It is, after all, only a mutually acknowledged "first step" -- a deal to start negotiating a real deal (see the full text  here) And the terms, for Iran, are harsh. 

Iran will be allowed to trade again in gold, petro-chemicals, car and plane parts, and will have some US$4.2 billion in oil sales unfrozen. Yet a fortune remains in permafrost -- including $10 billion in European banks. And there is still $50 billion with Iran's Asian energy clients - China, India, Japan, South Korea, Turkey -- that still cannot be repatriated. 

Over the next six months Iran must: stop enriching uranium above 5%; dilute its stock of 20%-enriched uranium; install no more centrifuges; refrain from fueling the heavy-water reactor in Arak; and accept a lot more International Atomic Energy Agency (IAEA) inspections (which have unearthed no evidence whatsoever uranium has been diverted to weaponization).  

Predictably, the spin war unleashed the minute the deal was clinched in Geneva centers on Iran's right to enrich uranium. US Secretary of State John Kerry said no; not implicit in the document. Iranian Foreign Minister Javad Zarif said yes, implicit in the deal and in the nuclear Non-Proliferation Treaty (NPT) itself. 

In a Voltairean best of possible worlds, we're just at the stage of a road map for a definitive deal allowing Iran its rightful, peaceful nuclear program (enrichment included) under non-stop IAEA monitoring and far away from breakout nuclear capacity. 

One of the key points of the deal is that the P5+1 (United States, Britain, France, Russia and China plus Germany) will "not impose new nuclear-related sanctions for six months, if Iran abides by its commitments under this deal, to the extent permissible within their political systems." 

Would it be then "permissible" for the US Congress -- operating under Israeli and Wahhabi petrodollar remote control - to come up with even more sanctions and scotch a future deal for good?
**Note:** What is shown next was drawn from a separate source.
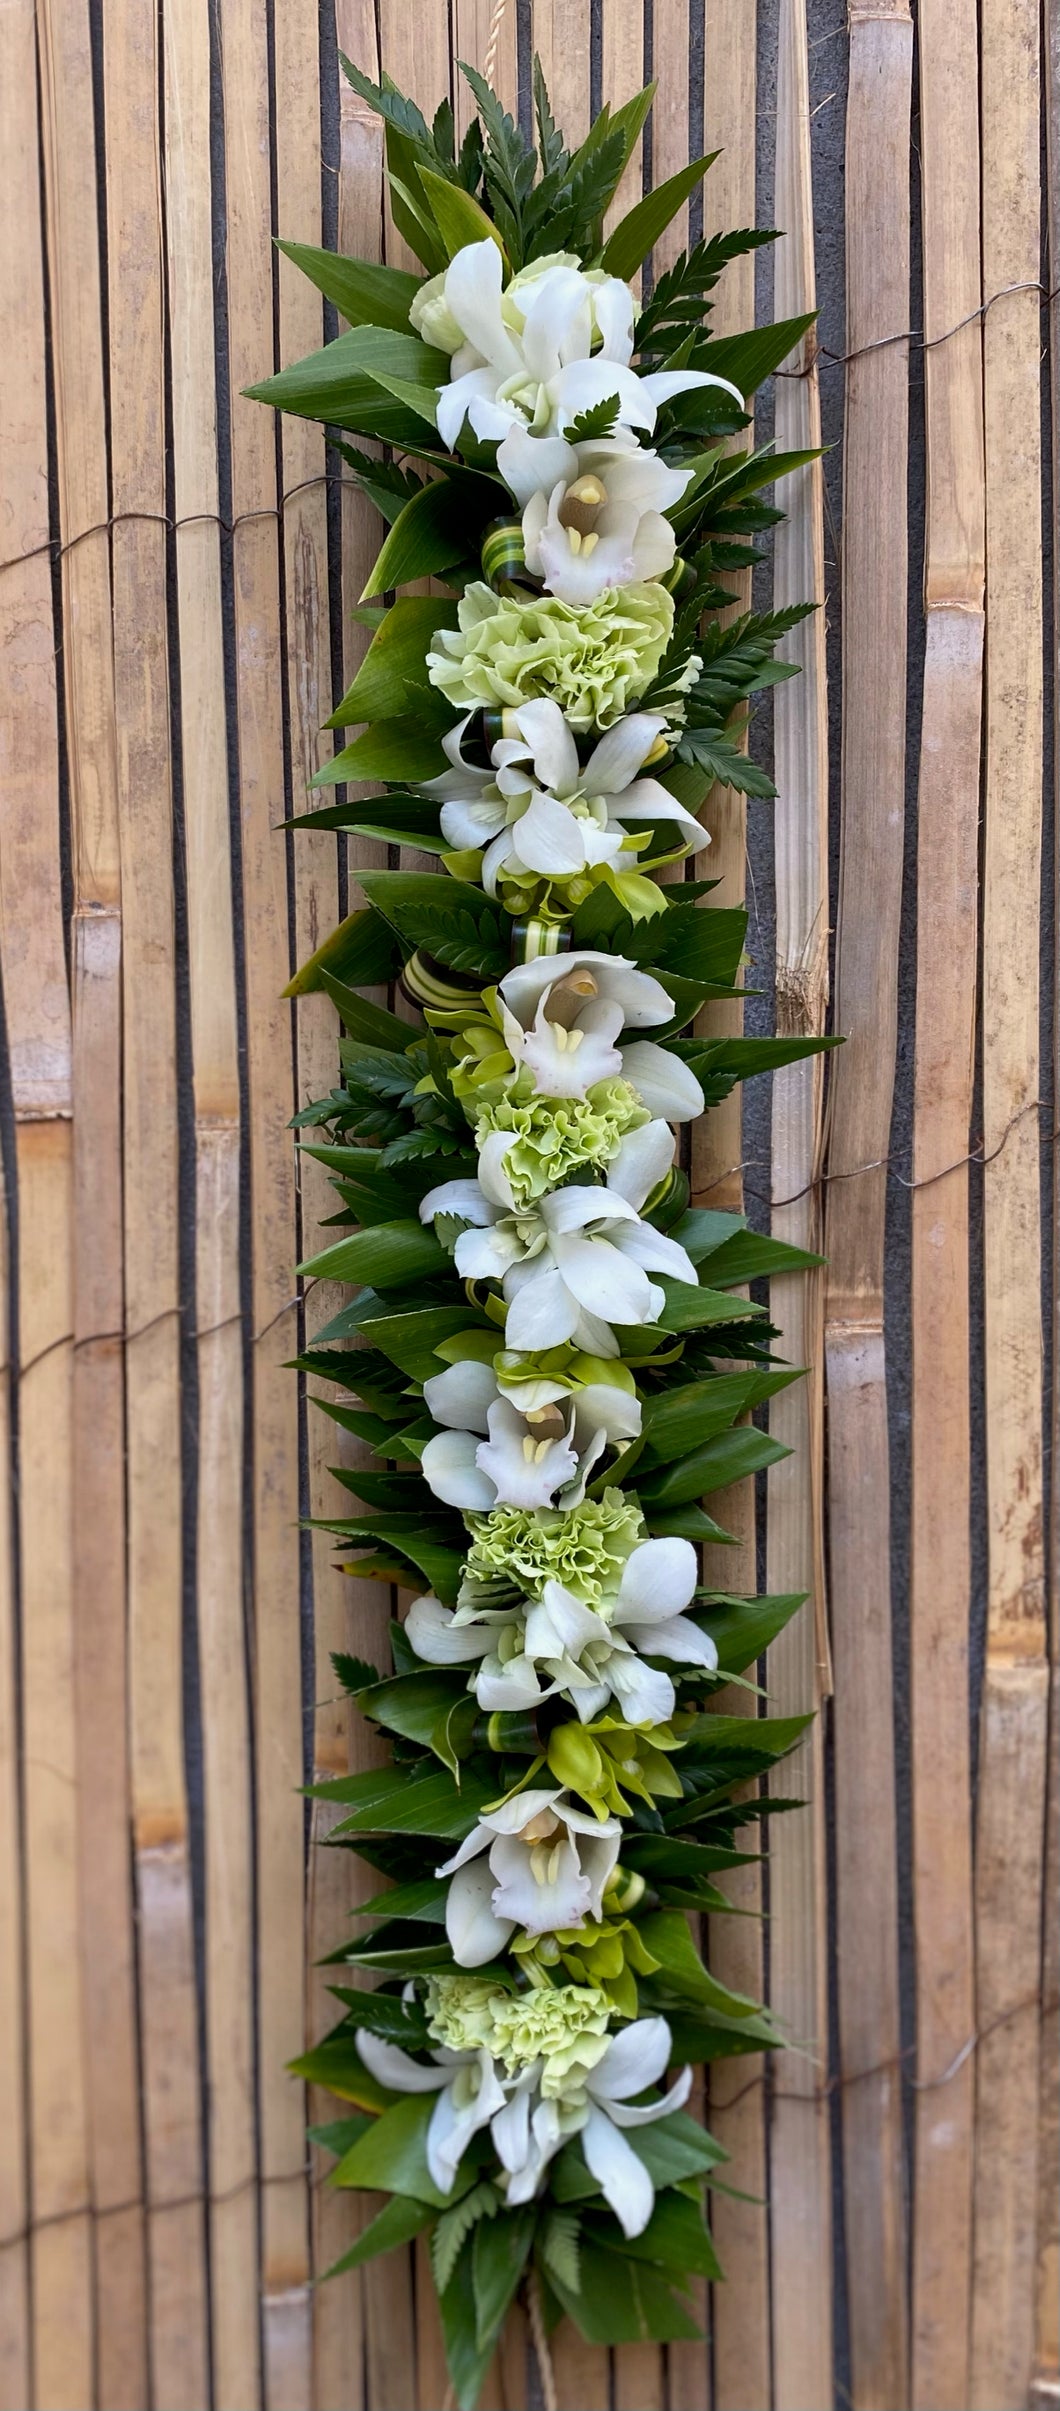 Wedding Pack - Haku/Flower Crown for Bride, Maile Ti Leaf Lei for Groom

That's a possibility. So it depends on the Obama administration's political capital to prevent it. Then, ideally, by May 2014 we could have the building blocks for the end of the key UN/US sanctions that constitute a de facto oil and banking blockade of Iran. 

Now for the hysteria brigades

Perhaps the trillion-dollar enigma of the moment is this: Has the Obama administration abandoned the notion of regime change in Tehran for good? 

It may be too early to tell. A case can certainly be made of this being a "lose-lose" proposition for Tehran. If Tehran follows every single concession -- as it will -- and by May 2014 there are no actual major dividends, there won't be much incentive to discuss a definite deal. 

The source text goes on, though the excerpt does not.